What to produce: What are the lines, word for word, from the line with "Pink Floyd - The Wall - UNISEX PÓLÓ" up to and including the line with "Lyra Пастель сухая" in the records below? Omit the pictures.

Data for this task:
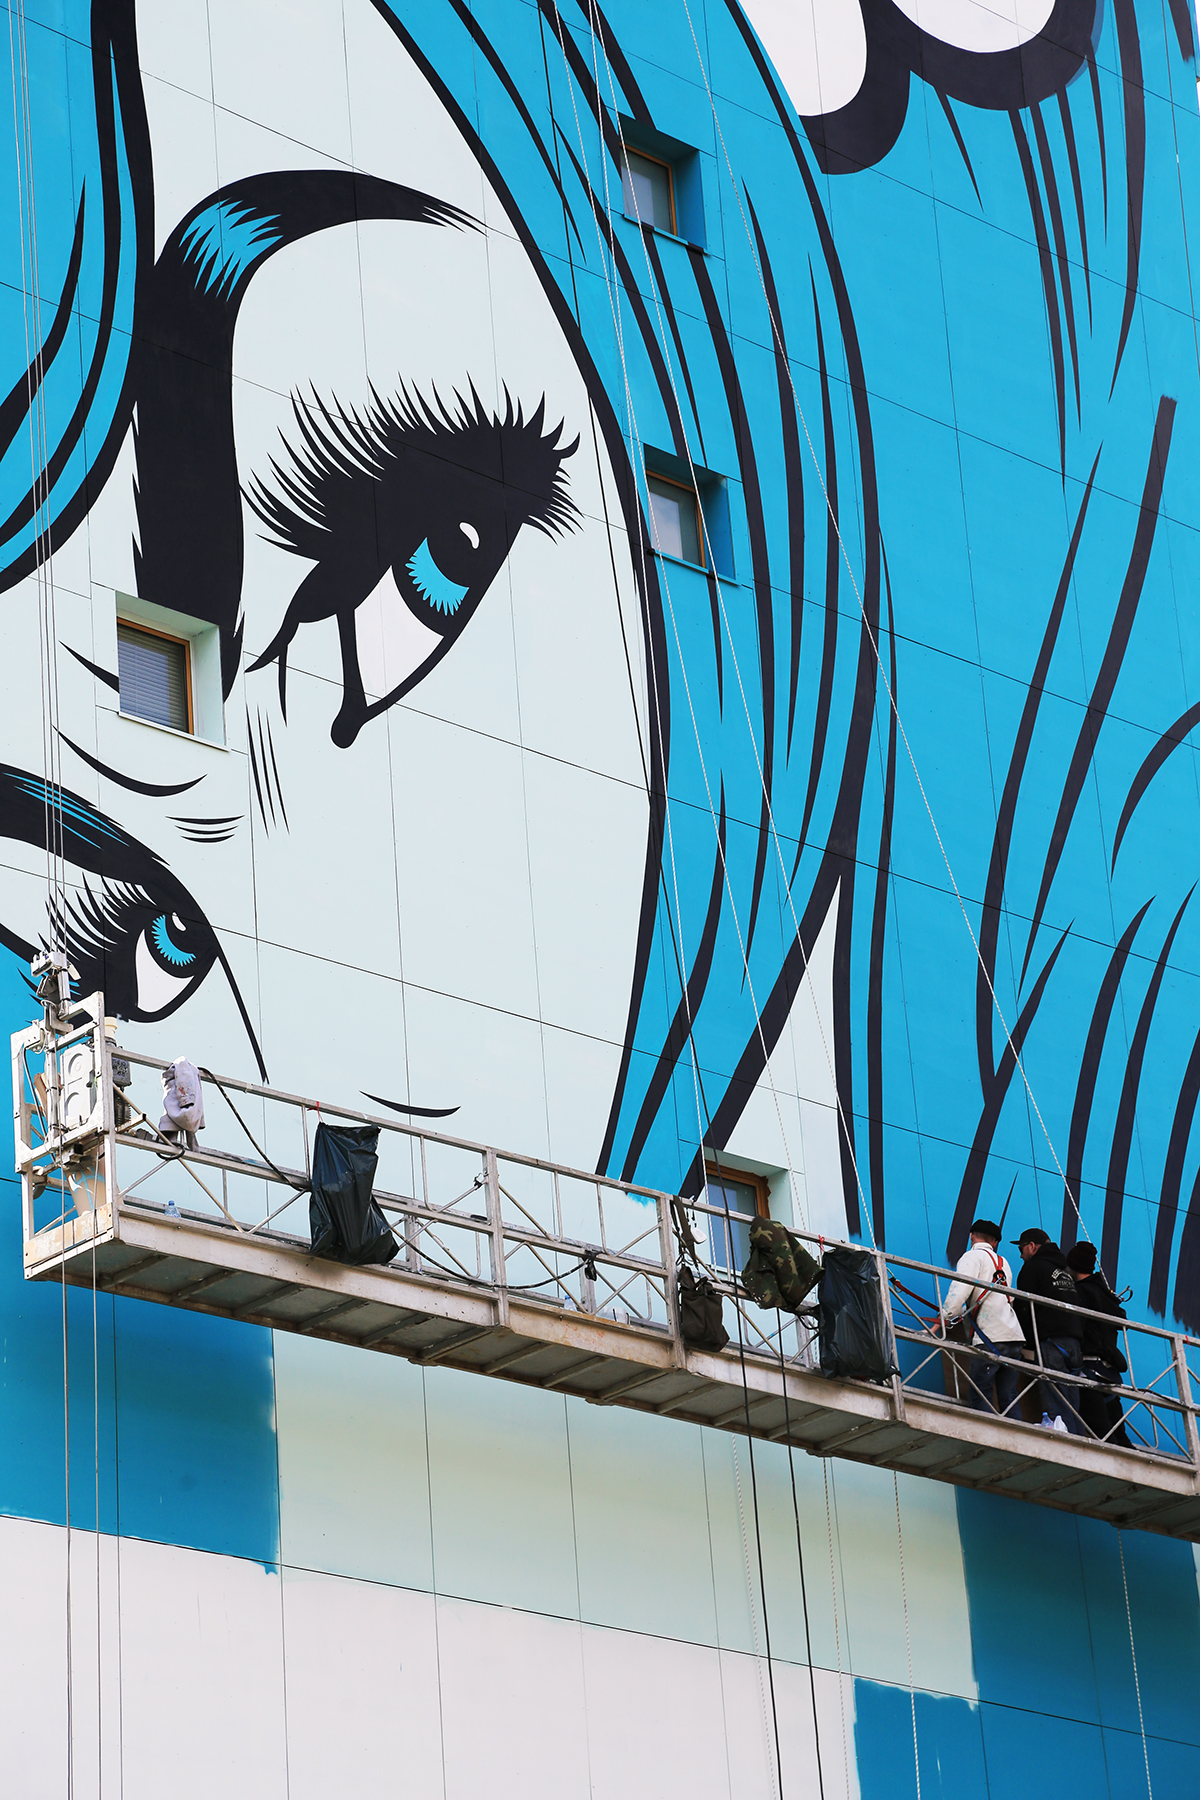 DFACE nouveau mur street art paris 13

==

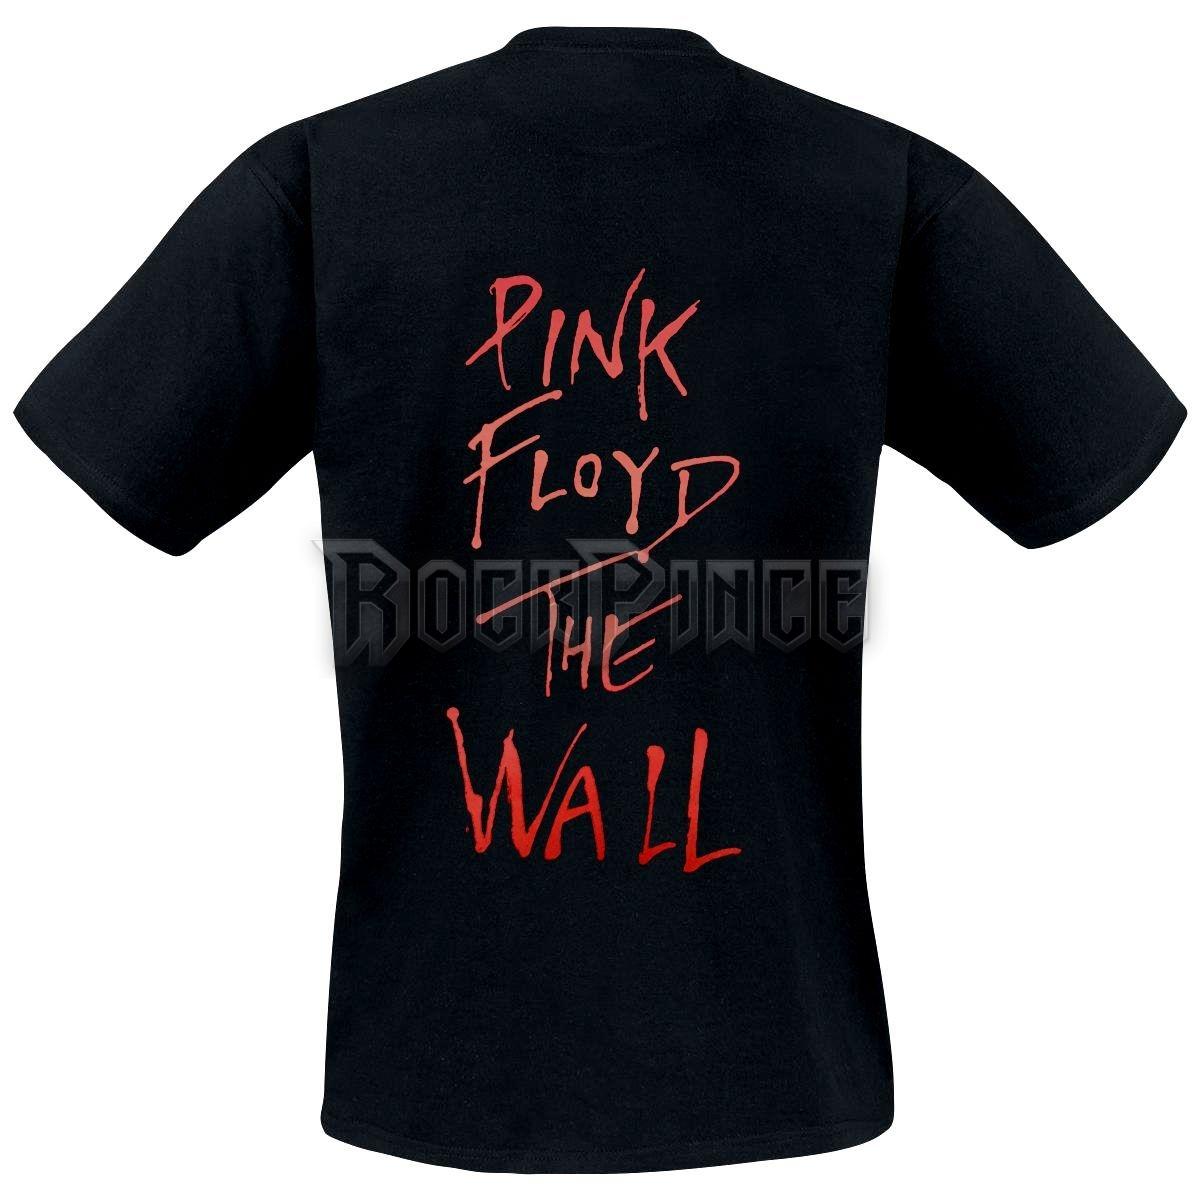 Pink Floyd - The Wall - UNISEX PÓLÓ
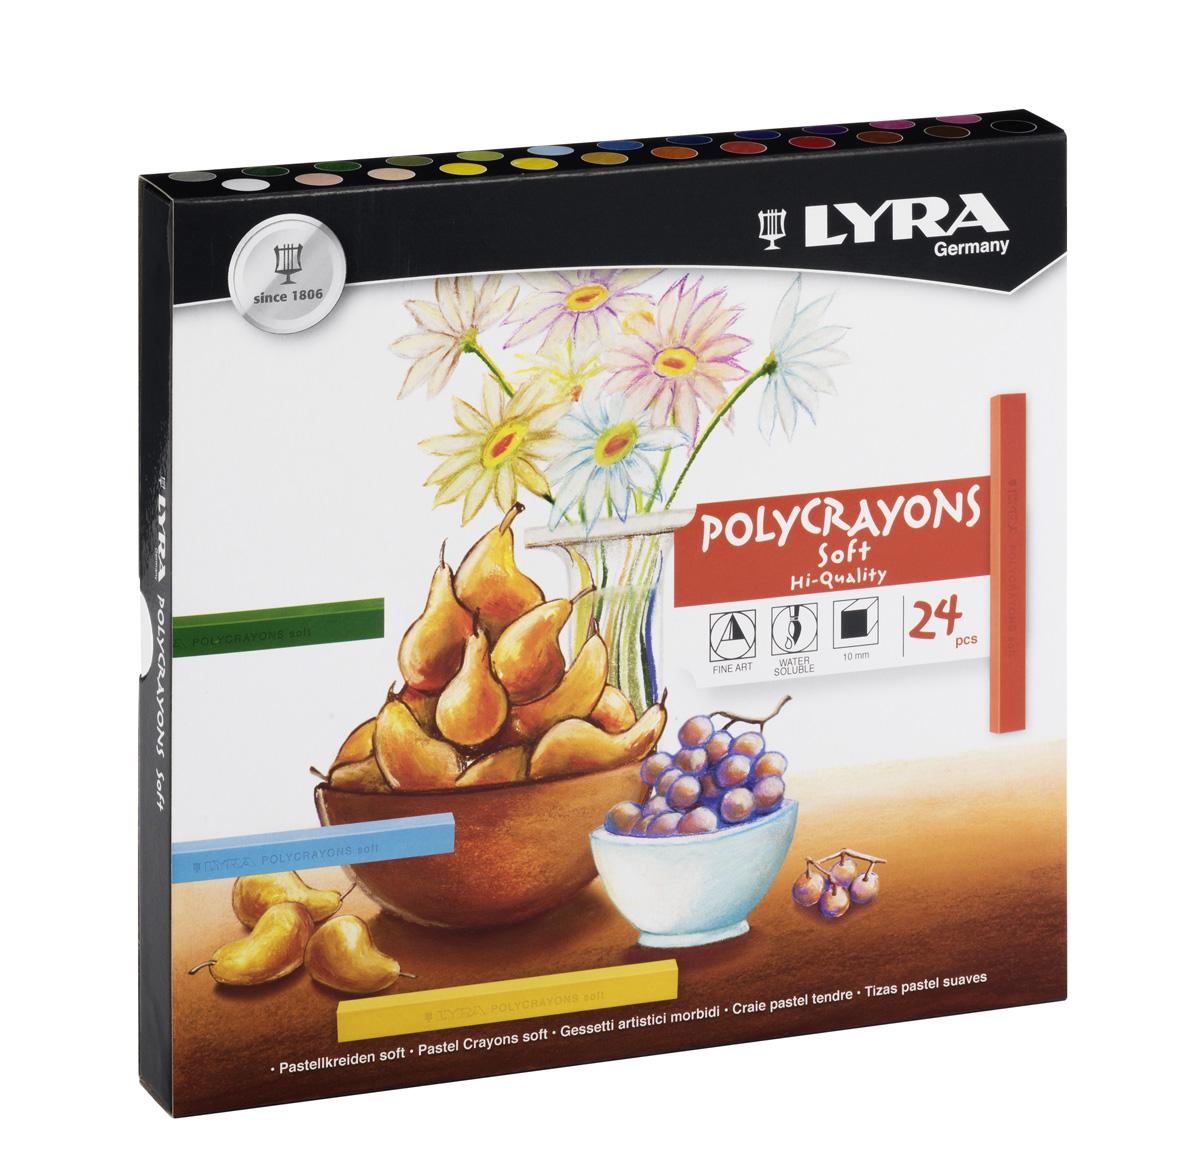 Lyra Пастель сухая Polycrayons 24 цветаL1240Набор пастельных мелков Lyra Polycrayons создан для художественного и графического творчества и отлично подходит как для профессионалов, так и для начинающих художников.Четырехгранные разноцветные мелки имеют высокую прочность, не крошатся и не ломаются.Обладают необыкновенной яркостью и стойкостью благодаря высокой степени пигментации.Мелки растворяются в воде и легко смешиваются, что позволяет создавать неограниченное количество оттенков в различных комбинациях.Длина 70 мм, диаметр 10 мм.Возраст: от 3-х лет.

==

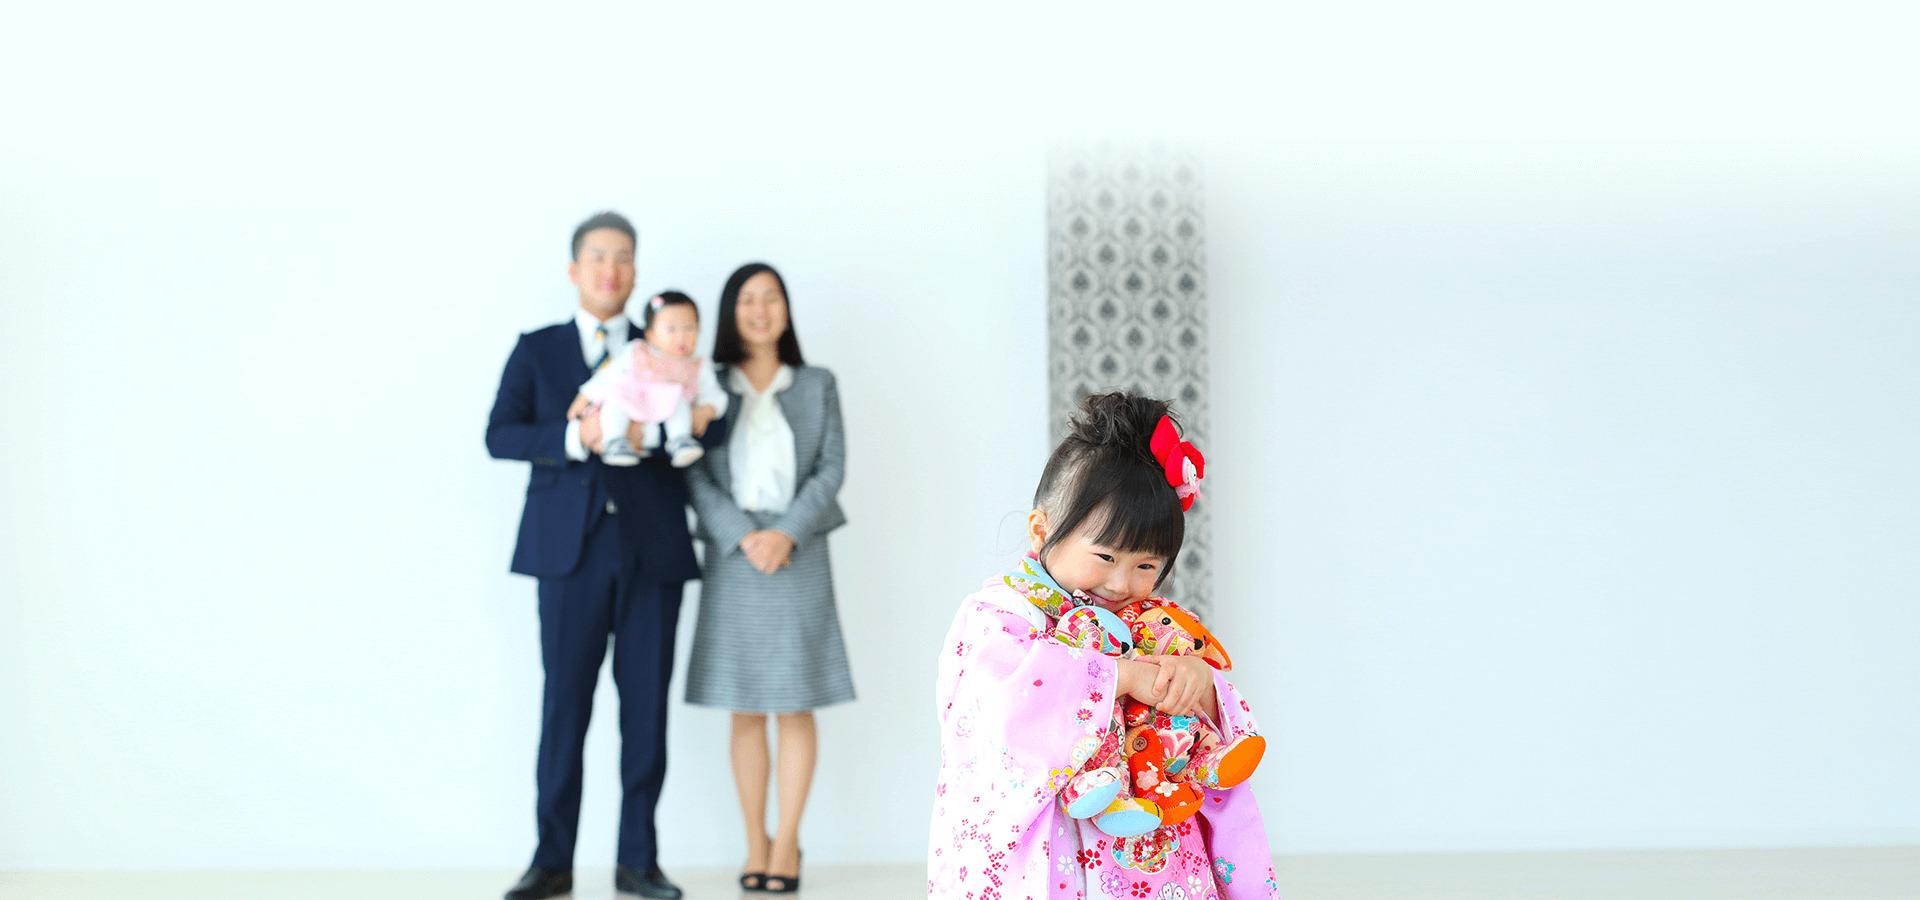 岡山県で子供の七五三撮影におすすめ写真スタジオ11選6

Your response:
 Pink Floyd - The Wall - UNISEX PÓLÓ
 Lyra Пастель сухая Polycrayons 24 цветаL1240Набор пастельных мелков Lyra Polycrayons создан для художественного и графического творчества и отлично подходит как для профессионалов, так и для начинающих художников.Четырехгранные разноцветные мелки имеют высокую прочность, не крошатся и не ломаются.Обладают необыкновенной яркостью и стойкостью благодаря высокой степени пигментации.Мелки растворяются в воде и легко смешиваются, что позволяет создавать неограниченное количество оттенков в различных комбинациях.Длина 70 мм, диаметр 10 мм.Возраст: от 3-х лет.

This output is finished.